Князь стоял у широкого дубового стола, на котором были разложены кинжалы разной длины, прямые и чуть изогнутые, с костяными и деревянными рукоятями.
– Оставляю тебя в Дорогобуже воеводой, друже Самовлад, – проговорил Федор Юрьевич, примеряя в руке то один, то другой кинжал. – Под твоим началом будет семьдесят конников и две сотни пешцев. Всех прочих ратников я забираю с собой на войну с тевтонами. Ты от ран-то оправился иль нет? – Князь взглянул на боярина, поигрывая широким польским ножом. – Что-то ты хмур и невесел.
– Здоров я, княже, – сказал Самовлад Гордеевич. – А печалюсь я по дочери своей. По Анне, ежели ты помнишь ее, княже. Два месяца тому назад снюхалась она с одним лекаришкой безродным немецких кровей и сбежала к нему в Смоленск. Оттуда эти двое в Ригу подались. Я посылал брата вдогонку за ними, но без толку.
– Не ожидал я от Анны вычуды эдакой! – изумился Федор Юрьевич. – Она же умом блистала, как храм куполами. Не печалься, друже. Я твоему горю помогу, верну тебе дочь. Есть у меня верный человек в Риге…

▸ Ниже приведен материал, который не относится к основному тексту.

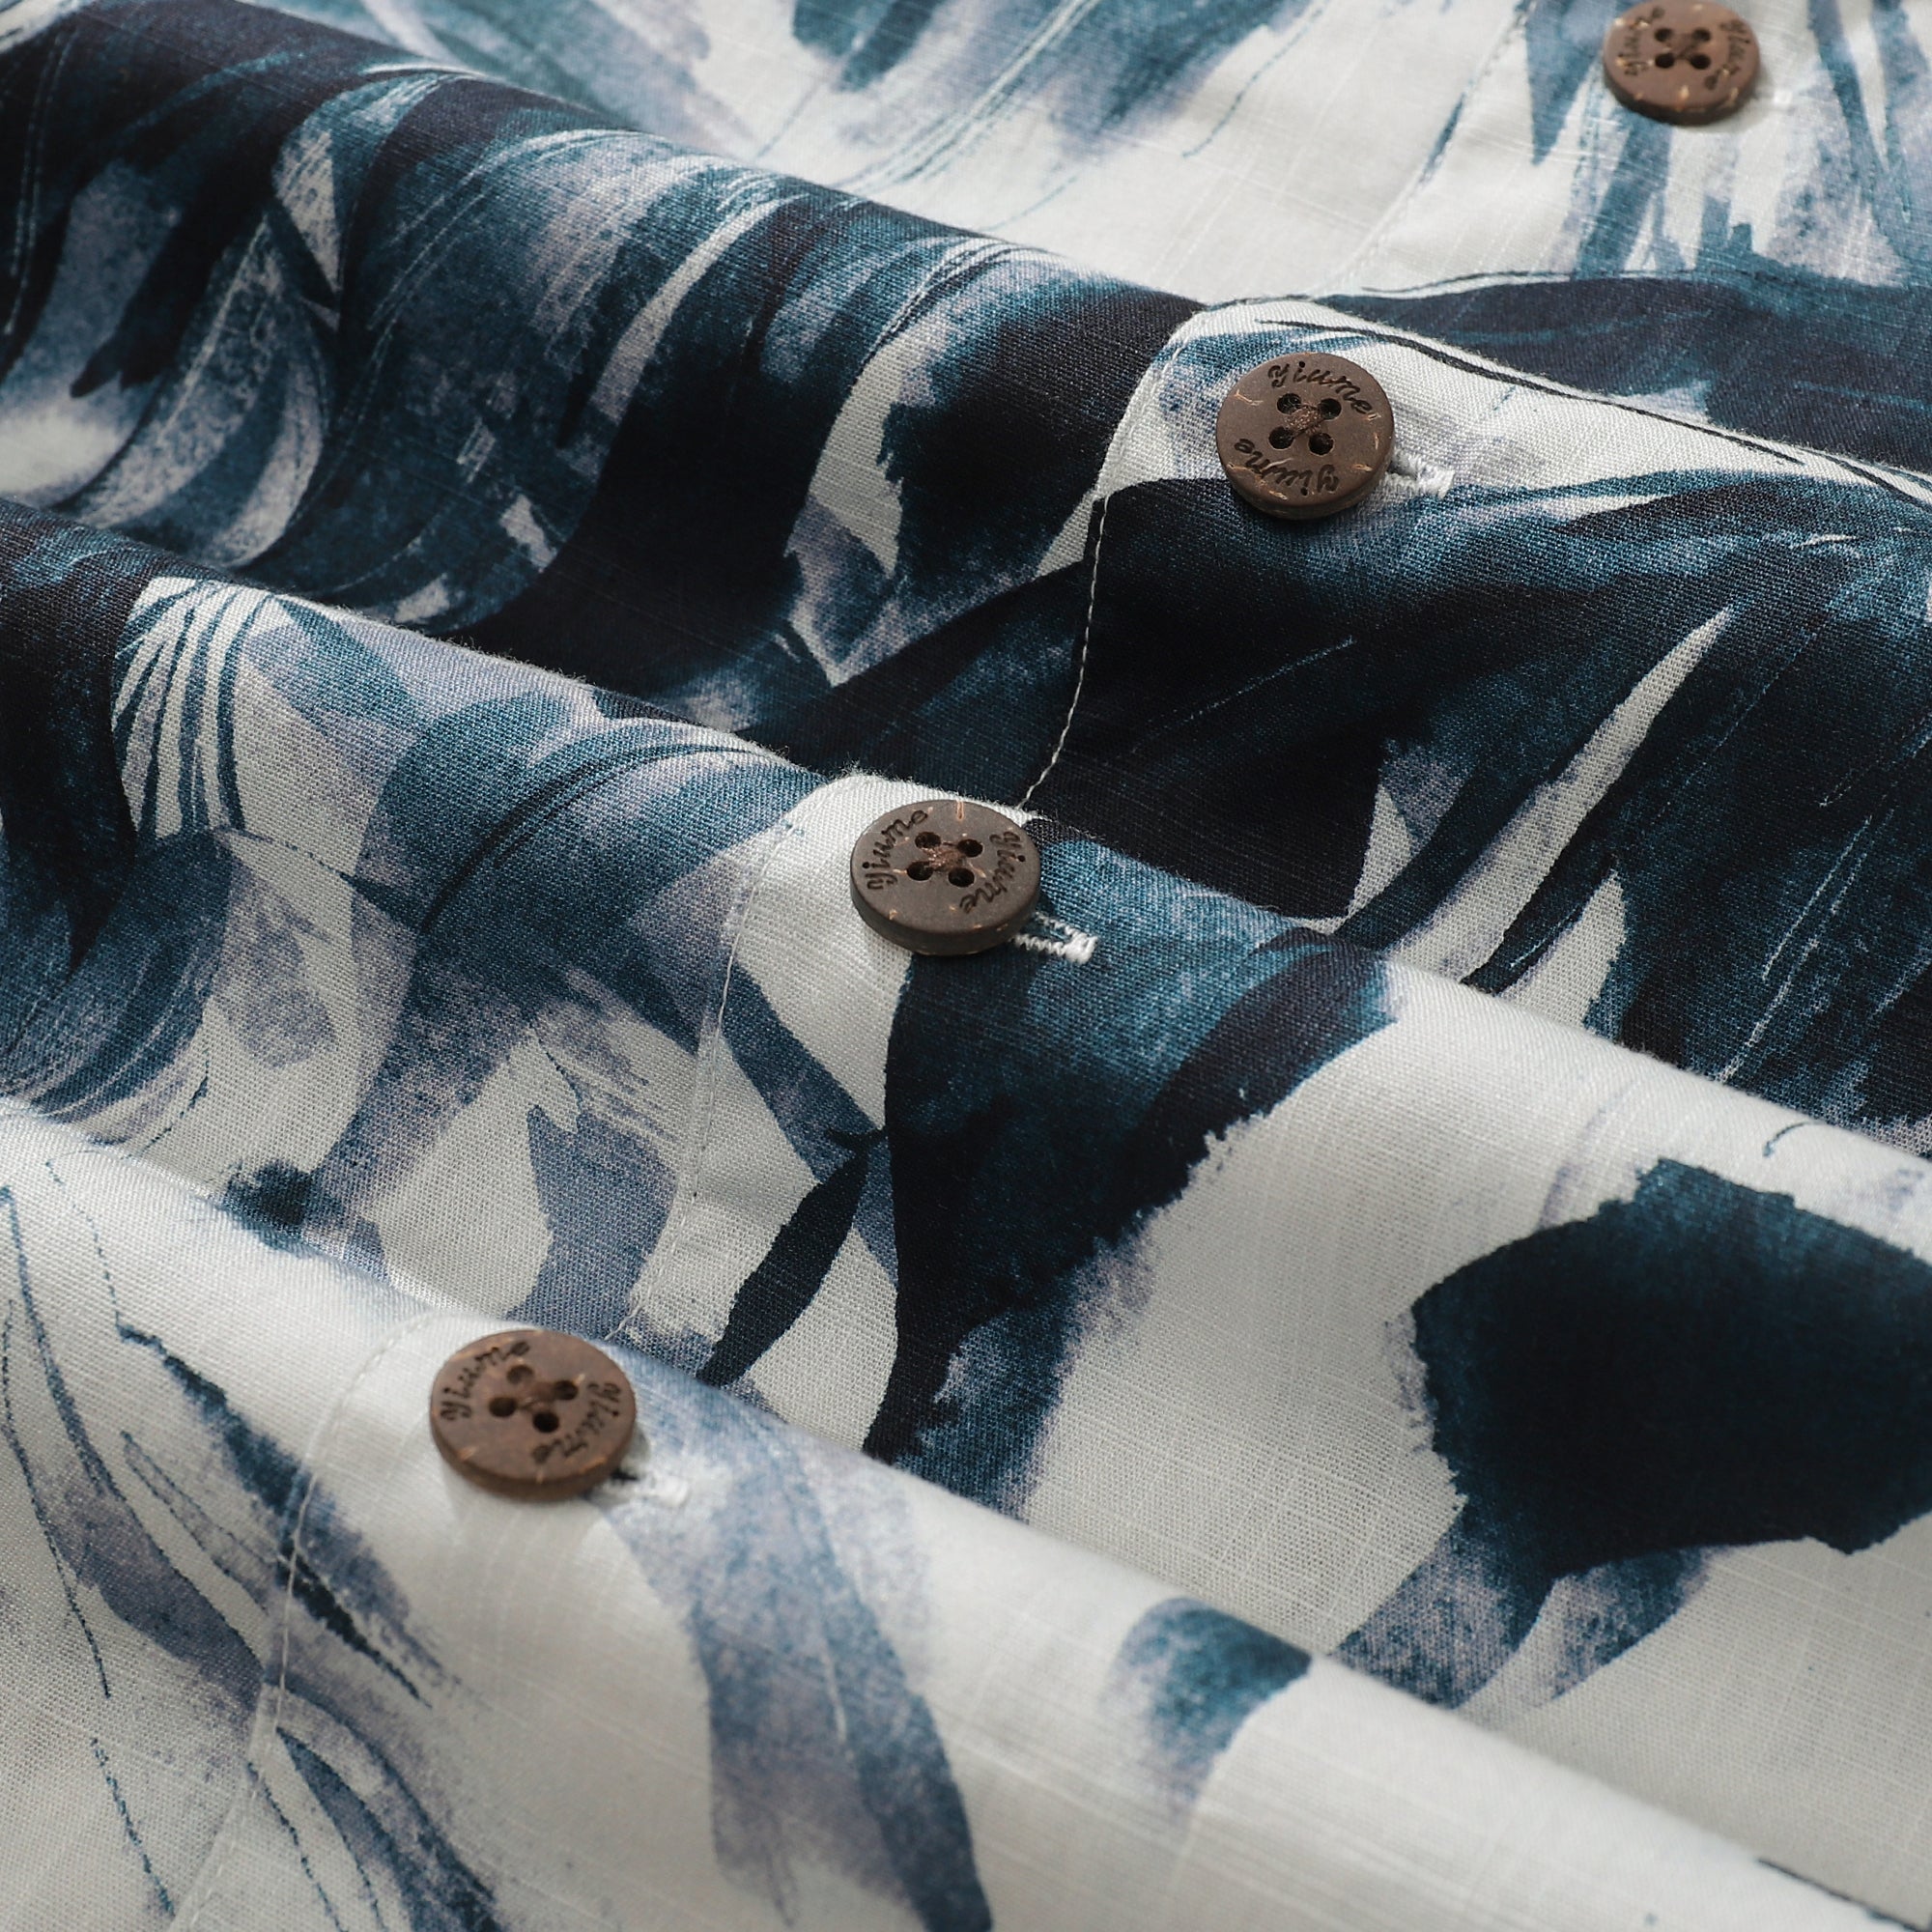 Camisa Aloha para hombre, camisa de campamento de manga corta de algodón con pintura de tinta y hojas de bambú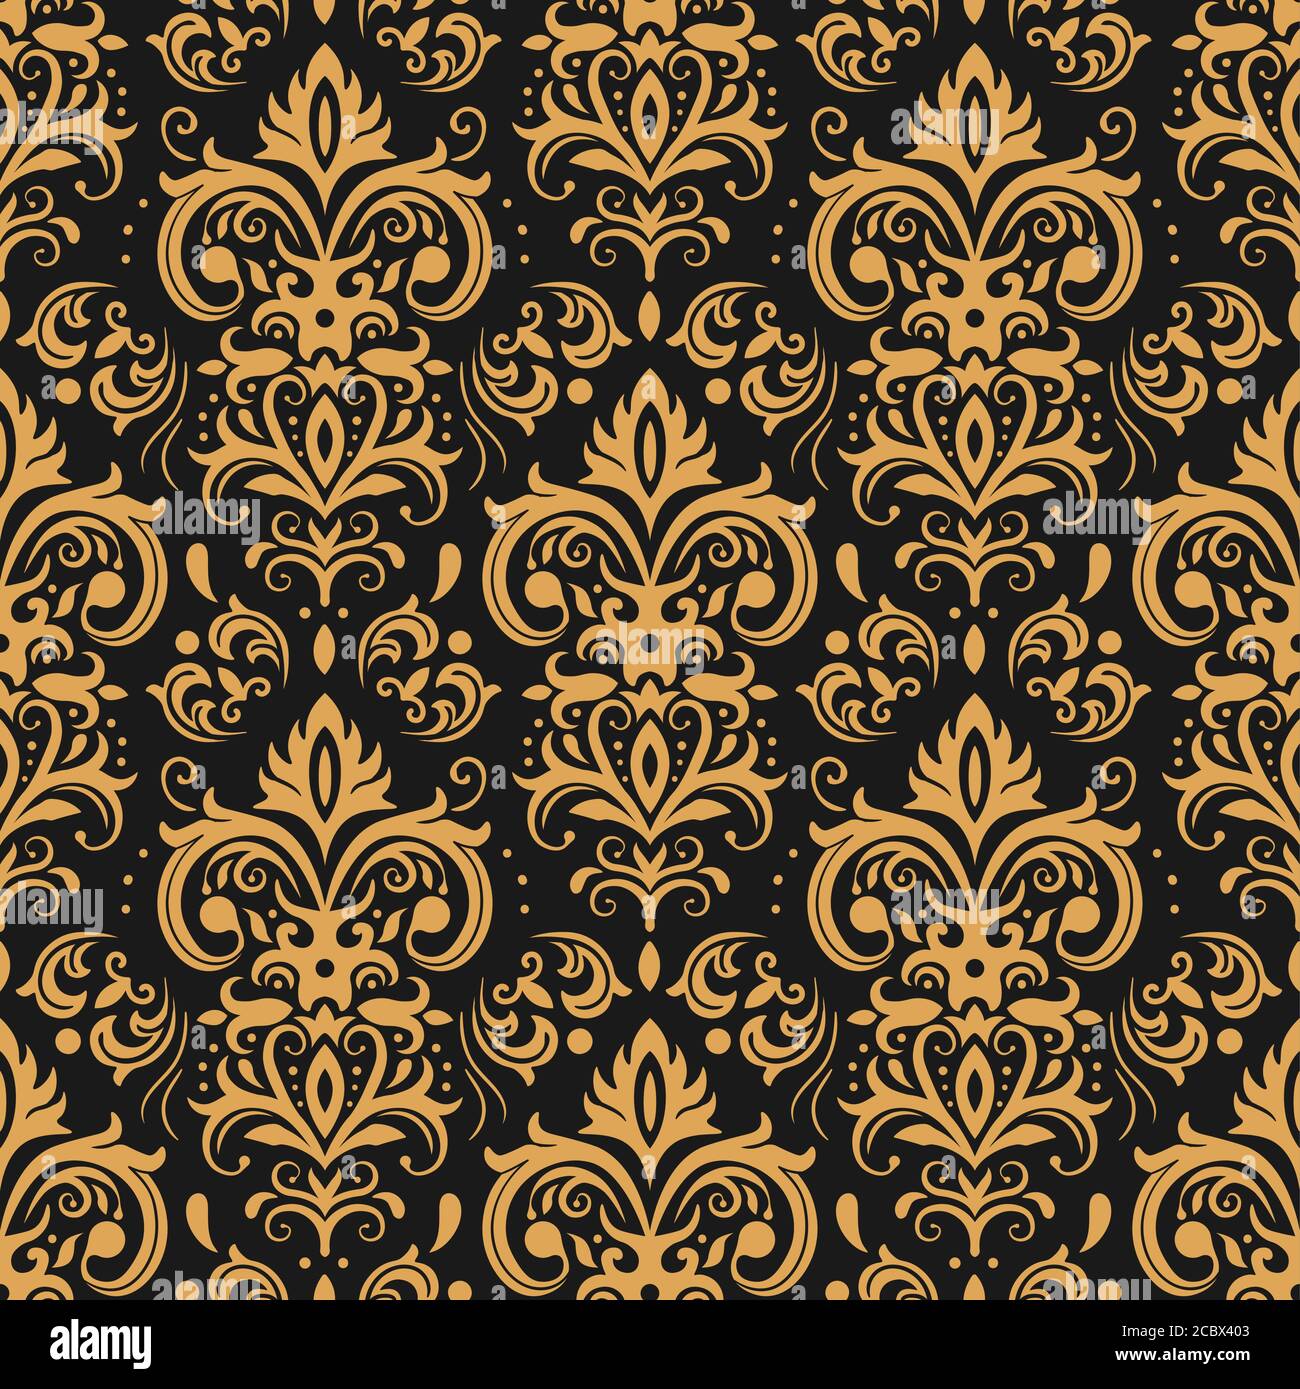 Goldenes Damast-Muster. Vintage Ornament und barocke Elemente zur Dekoration. Elegantes Design für Tapeten Stock Vektor

– Благодарю, княже, токмо Анны мне более не видать, – тяжело вздохнул Самовлад Гордеевич. – Один купец ганзейский по моей просьбе ездил в Ригу, искал там дочь мою неразумную. Узнал тот купец следующее: Анна и немчик ее сели на корабль тевтонский и отплыли в Кенигсберг. Туда целый караван судов направлялся. В пути разыгрался шторм. Судно, на котором находились Анна и воздыхатель ее, затонуло. Почти никто с того корабля не спасся. Не спаслась и Анна.
– Сочувствую тебе, боярин, – промолвил Федор Юрьевич. – Какой-то злой рок преследует тебя. Хочешь, я сына твоего дома оставлю, дабы он головой не рисковал в сече с немцами?
– Не дело это, княже, – возразил Самовлад Гордеевич. – Я от опасностей никогда не бегал. И Горяин не должен в стороне отсиживаться, когда его князь в поход выступает. В нашем роду все мужчины воителями были.
* * *
В одной из польских хроник о великом литовском князе Витовте сказано так: «Лжив и порочен был сей князь до глубины души, честолюбив был и злопамятен сверх всякой меры, ибо вырос среди людей, погрязших в алчности и завистливой злобе; такова была вся литовская знать. Измены близких ему людей преследовали Витовта всю жизнь, по этой причине он был недоверчив и подозрителен, на козни отвечал кознями, постоянно менял слуг, поваров и телохранителей.
Он был вынослив и силен телом, но при этом был подвержен малодушным порывам, как капризное дитя. Военные неудачи повергали его в такое глубокое уныние, что он отказывался от еды и питья, зато одерживая победы, Витовт становился хвастлив и самонадеян. Даже приняв христианскую веру, подспудно Витовт оставался закоренелым язычником».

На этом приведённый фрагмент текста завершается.